“Old is the new young.” Is this one of those catchy but, ultimately, meaningless advertising slogans? Far from it. The 60-plus age group is going to be the most important consumer growth market over the next 15 years, generating more than one-third of global consumption growth, according to our new report, “Urban World: The Global Consumers to Watch,” which is free and available on our website. The largest elderly consumer markets today are in developed economies where their number will grow by a third between 2015 and 2030. These consumers will generate 20% of global consumption growth over this period. In comparison, European millennials will contribute less than 2%. Companies that continue to focus their efforts on what they perceive to be the glamorous youth market risk missing out.
Most companies and marketers are well aware that the world is aging, but have they really caught up with the reality of how large a market the 60-plus age group is? In developed economies, they will account for 50% of all urban consumption growth from 2015 to 2030 — $4.4 trillion. In Western Europe and Northeast Asia (Japan and South Korea), these individuals will account for about 60%of urban consumption growth. And the elderly opportunity isn’t just for the health-care sector.
In the United States, they will contribute more than 40% of consumption growth in housing, transport, and entertainment. People over 50 bought over 60% of the new cars sold in the United States in 2010, up from less than 40% in 2001, according to one study. The elderly increasingly want to age in their own homes. A decade ago, U.S. citizens aged 55 and older accounted for less than 33% of all spending on home improvement. By 2011, this share was more than 45%.
The numbers game begs the question: are companies equipped to tap into the purchasing power of these elderly consumers?
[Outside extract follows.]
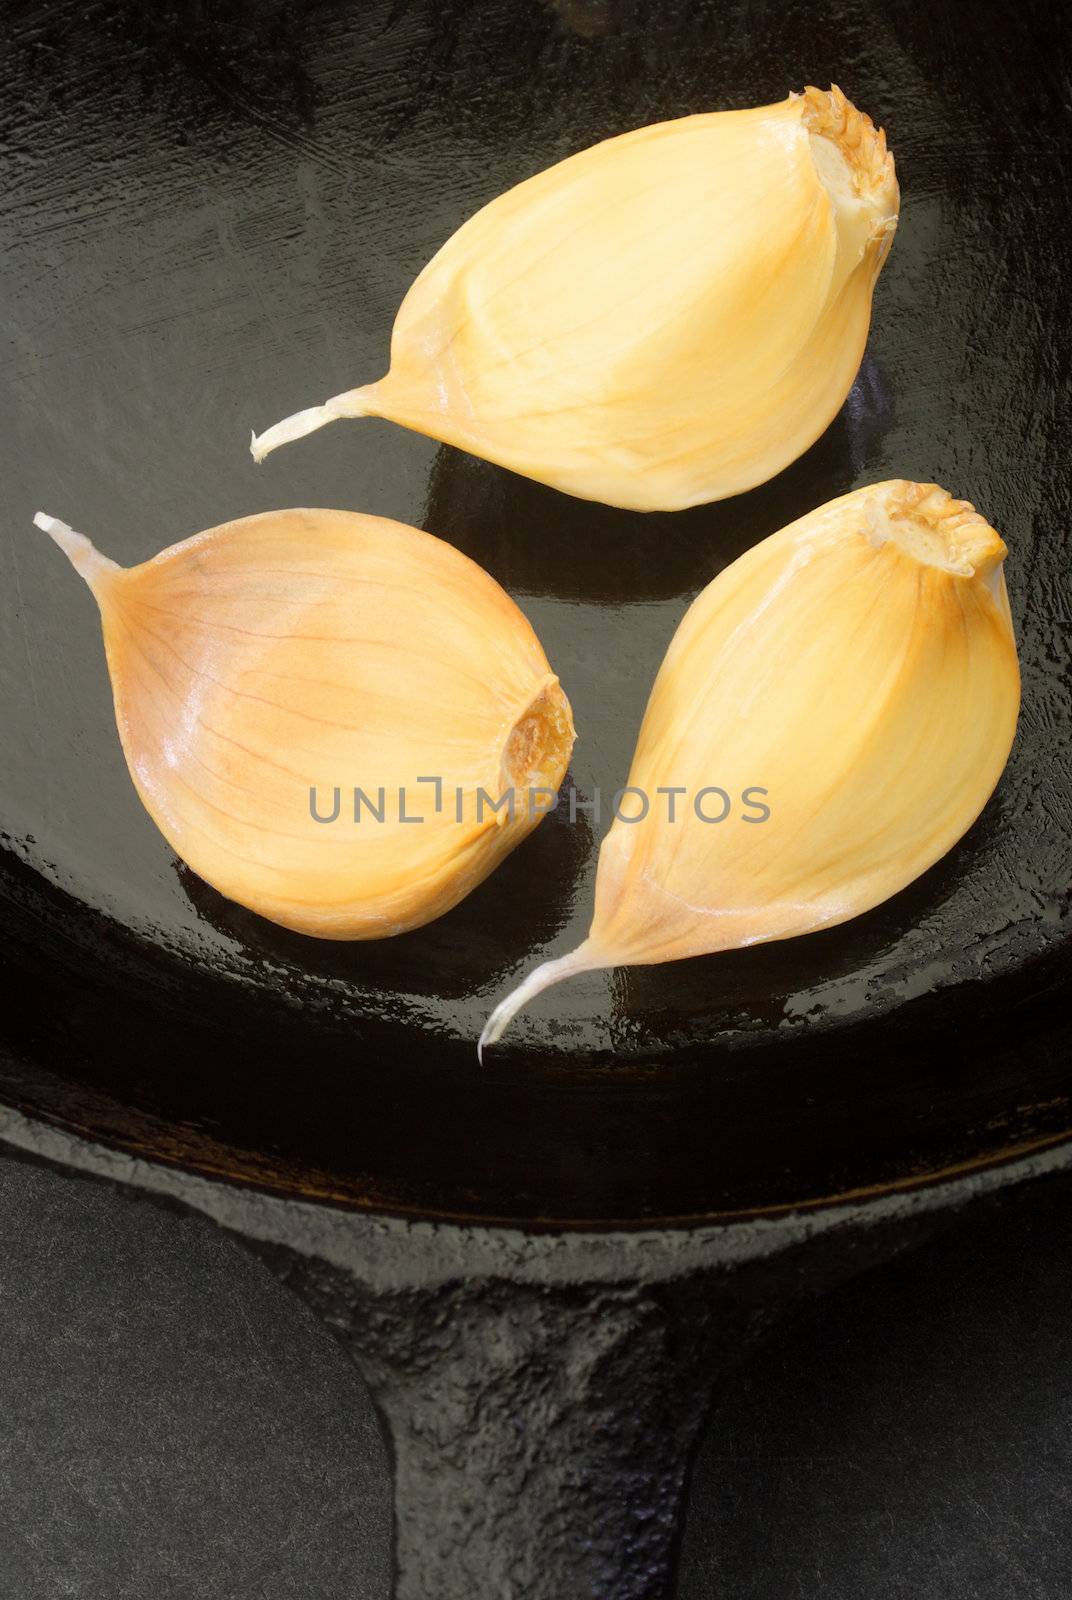 Cloves of garlic by carterphoto

One CEO in Silicon Valley noted in a conversation with us that tech companies, which have innovated so successfully for the young, have been far less good at understanding the needs and preferences of the elderly — arguably because most people who work in technology start-ups are so young themselves.
As baby boomers age, they are likely to change what it means to be an older consumer, and companies need to understand them better, and innovate to meet their needs. One characteristic they need to factor in is that this generation of elderly is likely to be much more tech-savvy than their predecessors. The smartphone penetration rate in the United States is only about 45% for the elderly but is 80% among 35-44 year olds. As these consumers age, the over-60s of 2030 are likely to be quite comfortable with technology and using it at the same rate as younger consumers — but for what, where, and how? The race is on for consumer technology companies searching for the next service or applications, and tailoring them to the older consumer. Is it really necessary to have 50 or so small buttons on remote controls?
There is more companies need to know to get it right. Income inequality in this age group has always been highest among all age groups but is rising. In the United Kingdom, for instance, 40% of this age group has a net worth of less than £250,000 ($352,000), while nearly 25% have a net worth above £600,000 ($844,000).
While many in the 60-plus age group are wealthy, others have not saved sufficiently for retirement. In financial services, high-net-worth elderly consumers are likely to demand estate and legacy planning, while those with less wealth may need to monetize their homes by downsizing, renting out rooms, or taking out reverse mortgages. The elderly may well be the next wave of sharing-economy customers. Companies whose portfolios consist primarily of mid-tier products might have little to offer. They may have to stretch their brands upward or downward, or in both directions.
Another important driver of consumption is when key life choices and events happen — from when people choose to retire to the incidence of divorce. The age at which people retire has a huge impact on their consumption. Despite the trend of people working longer, there is still a very large number of retirees with time on their hands, and that has significant implications for certain consumption categories. Time spent on leisure and sports each day in the United States is expected to increase by 210 million hours by 2030, and the 65-plus age group will account for 195 million of those hours, the equivalent of 24 million full-time jobs. How will they choose to spend their time? Companies need to track their preferences.
No company can afford to ignore the elderly consumer but, to tap into their purchasing power will require not only an understanding of how they think and what they want to buy but also their incomes, the timing of key life events, and the cities in which they live. The companies that do will be more aligned with the demands of their biggest spenders, and, therefore, well placed for profitable growth.
Editor's note: This article originally appeared on June 14, 2016, in Engage:Boomers.
Interesting article, although you lump groups together as either "young" or "elderly" and people between 50 and 65 are neither. Marketers be wary of such limited gross generalizations at your peril. (PS, I'm sure many people older than 65 would scoff at the term elderly. Have you seen Jane Fonda or Susan Sarandon lately?)